Tuesday’s decision acknowledges the need to take the chilling effect into account when judging the constitutionality of speech-restricting laws. Perhaps the time has come for a long-overdue reconsideration of our civil and criminal law of defamation.
The medium and the message
However, while the judgment has opened some doors, it has closed others. At the heart of the government’s case was a claim that different media of communication required different standards. The government argued that the internet had the capacity to reach a mass audience in very quick time and its effects upon “illiterate” people could be so great that the State ought to have greater leeway to control and regulate it.
This is a familiar argument. The notorious Cinematograph Act and Cinematograph Rules, which authorise pre-censorship of films by the much-maligned Censor Board, owe their continued existence to a Supreme Court decision in 1970. That judgement upheld pre-censorship of the cinema on the grounds that motion pictures had greater impact than other media, especially upon an illiterate population. But subsequent decisions have dispensed with the “illiterate Indian” trope, thus undermining the foundations of the film censorship regime. On Tuesday, the court had the opportunity to undermine it still further by emphatically rejecting the medium-based approach altogether.
Unfortunately, it did not do so.
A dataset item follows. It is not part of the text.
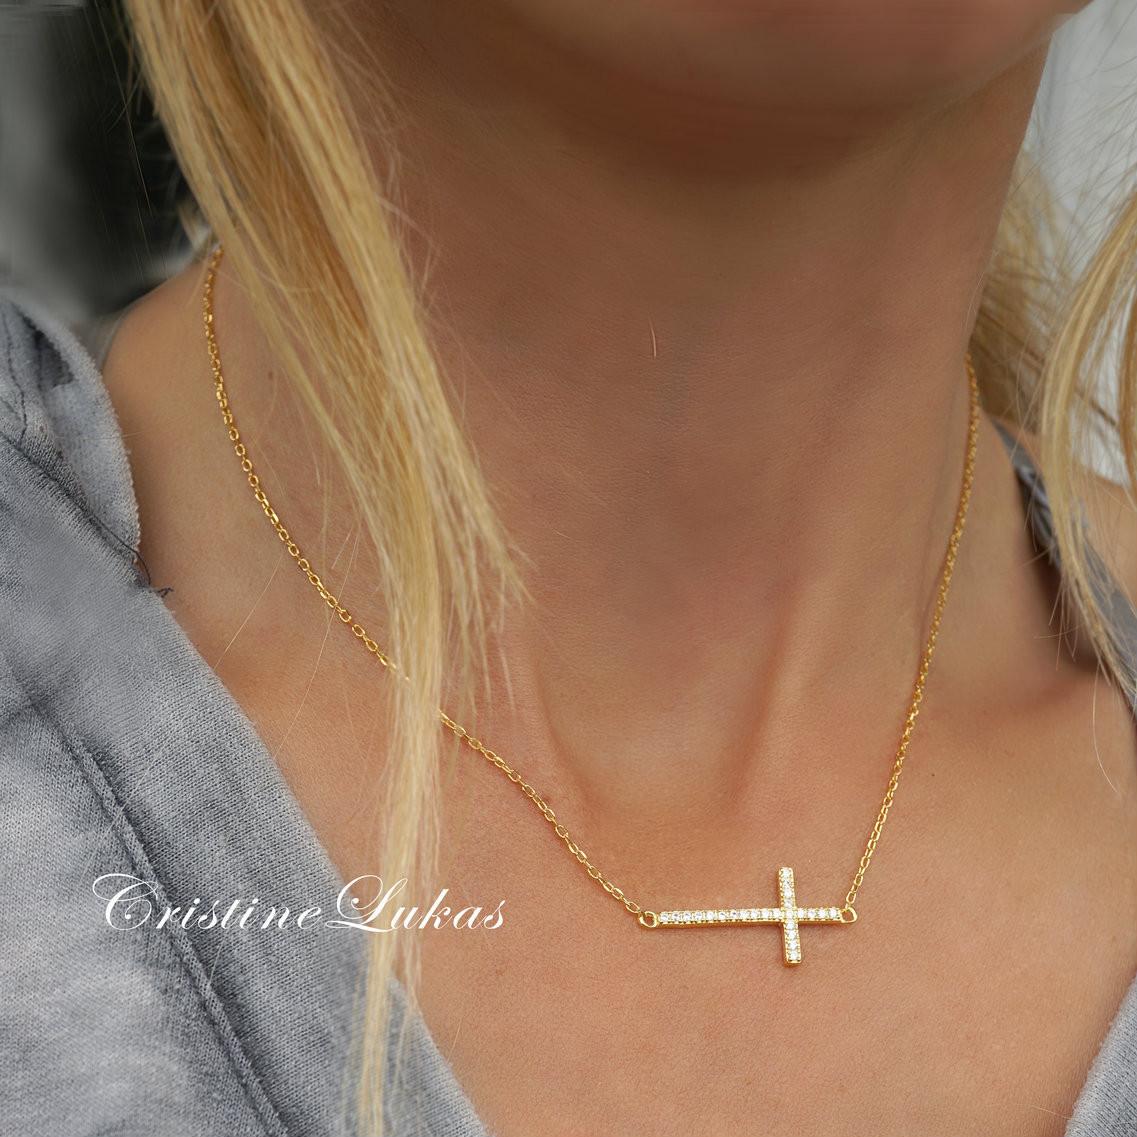 Celebrity Style Horizontal Sideway Cross Gold Silver Pendant Necklace Jewelry NJ

While affirming the fact that the medium could not affect the content of speech that could be restricted, the court nonetheless did uphold the contention that different laws might be needed for the unique features of different media (such as website blocking). While this is an ambiguous formulation, the court certainly missed an opportunity to open the door for a future challenge to India’s film censorship regime.
Nonetheless, in its affirmation that content-based restrictions would have to pass 19(2) muster (relating to the circumstances in which speech can be curbed) regardless of medium, the Supreme Court did open the door to a challenge to the government guidelines that are ridiculously overbroad and vague (for instance, prohibiting “double meaning words that might cater to the baser instinct”), and are most commonly invoked to censor films. With the 66A decision on the relationship between medium and content, and the express invocation of vagueness and over-breadth as grounds for striking down speech-restricting laws, perhaps the time has come for a constitutional challenge to the film and cable censorship rules as well.
What to expect
The immediate impact of the decision will be felt in the domain of online speech: fewer arbitrary arrests, and fewer persecutions of political dissenters. Azam Khan’s buffaloes will no longer be a ground to put a teenager in jail. But it is perhaps in the long-term that the effects of the judgment will be most profound. On Tuesday, the Supreme Court rejected State paternalism and a view of Indians as infantile individuals who need to be protected for their own good. It affirmed autonomy, dignity, responsibility and self-respect.
For that, this judgment deserves to be long-remembered in the annals of Indian free speech and civil liberties history.